A variety of expressions are commonly used to describe circumstances when employment is terminated. These include « let go, » « discharged, » « dismissed, » « fired » and « completely laid off. »
Under the Employment Standards Act, 2000 (ESA) an individual’s work is ended if the employer:
– dismisses or stops employing a worker, consisting of where a staff member is no longer utilized due to the bankruptcy or insolvency of the company;
– « constructively » dismisses an employee and the staff member resigns, in reaction, within an affordable time;
– lays a worker off for a duration that is longer than a « temporary layoff ».
For the most part, when an employer ends the employment of a worker who has been constantly utilized for 3 months, the company needs to provide the employee with either written notification of termination, termination pay or a mix (as long as the notification and the number of weeks of termination pay together equivalent the length of notification the staff member is entitled to get).
The ESA does not need a company to offer an employee a factor why their work is being terminated. There are, nevertheless, some circumstances where a company can not end an employee’s employment even if the company is prepared to offer proper composed notice or termination pay. For instance, a company can not end someone’s work, or punish them in any other method, if any part of the reason for the termination of employment is based on the worker asking concerns about the ESA or working out a right under the ESA, such as declining to work in excess of the daily or weekly hours of work optimums, or taking a leave of lack defined in the ESA. Please see the chapter on reprisals.
Receiving termination notice or pay in lieu
Certain employees are not entitled to observe of termination or termination pay under the ESA. Examples consist of: referall.us employees who are guilty of wilful misconduct, disobedience, or wilful overlook of task that is not trivial and has not been condoned by the company. Other examples consist of building and construction employees, employees on momentary layoff, staff members who decline an offer of reasonable alternative employment and workers who have been employed less than three months.
There are a number of other exemptions to the termination of work provisions of the ESA. See « Exemptions to notice of termination or termination pay. » Please also describe the special guideline tool.
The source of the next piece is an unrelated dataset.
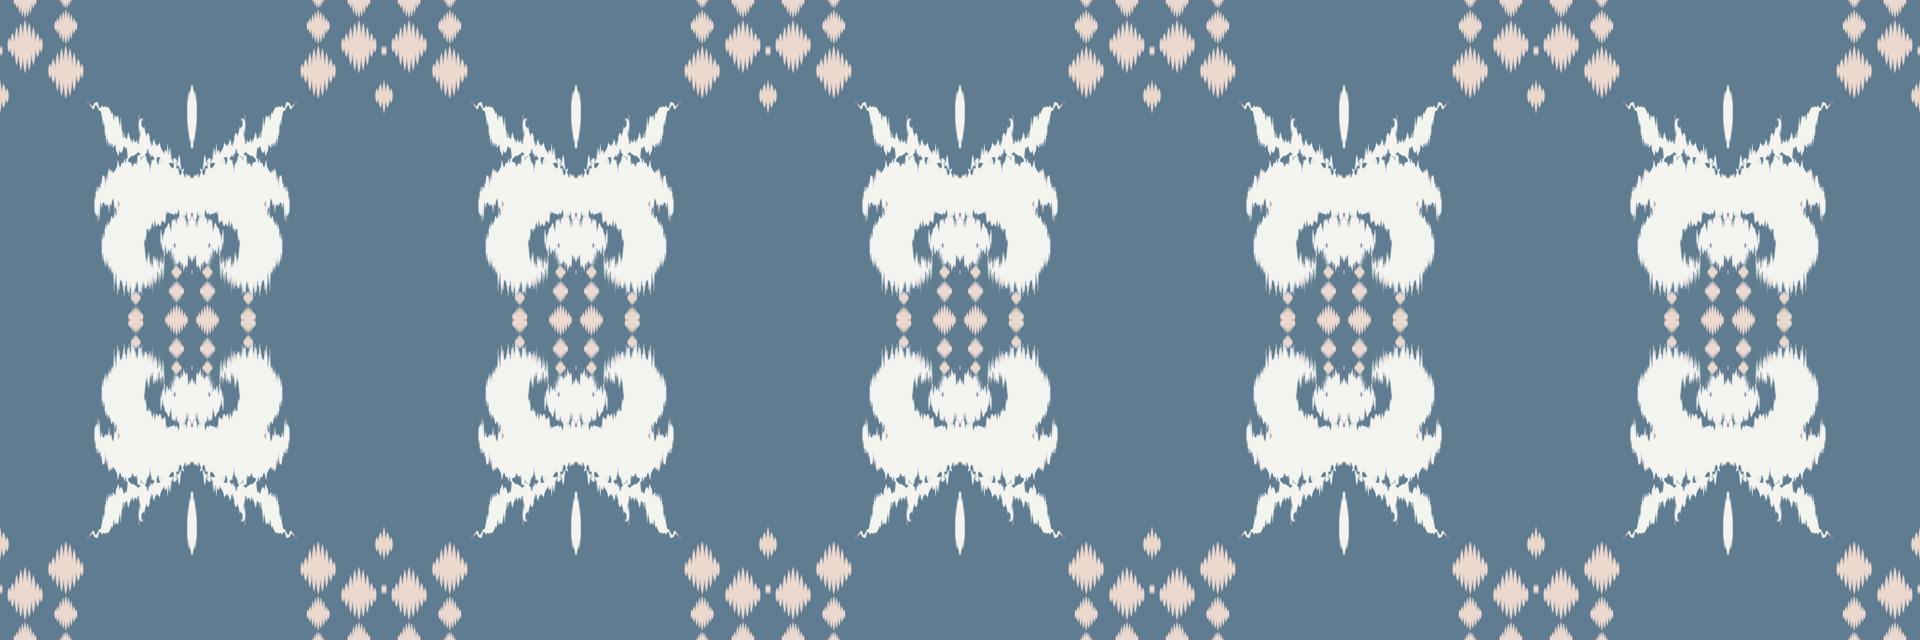 motivo textil batik ikat triángulo patrón sin costuras diseño de vector digital para imprimir saree kurti borneo borde de tela símbolos de pincel muestras diseñador

The termination-of-employment rules are entirely separate from any privileges an employee may need to be paid discontinuance wage under the ESA.
Constructive dismissal
A positive termination might occur when a company makes a substantial change to a basic term or condition of a worker’s work without the employee’s real or implied approval.
For instance, an employee may be constructively dismissed if the company makes modifications to the staff member’s terms and conditions of employment that result in a substantial decrease in salary or a significant unfavorable change in such things as the employee’s work location, hours of work, authority, or position. Constructive termination may likewise include circumstances where an employer harasses or abuses a worker, or a company gives an employee an ultimatum to « give up or be fired » and the staff member resigns in reaction.
The employee would need to resign in reaction to the change within a sensible time period in order for the company’s actions to be thought about a termination of work for purposes of the ESA.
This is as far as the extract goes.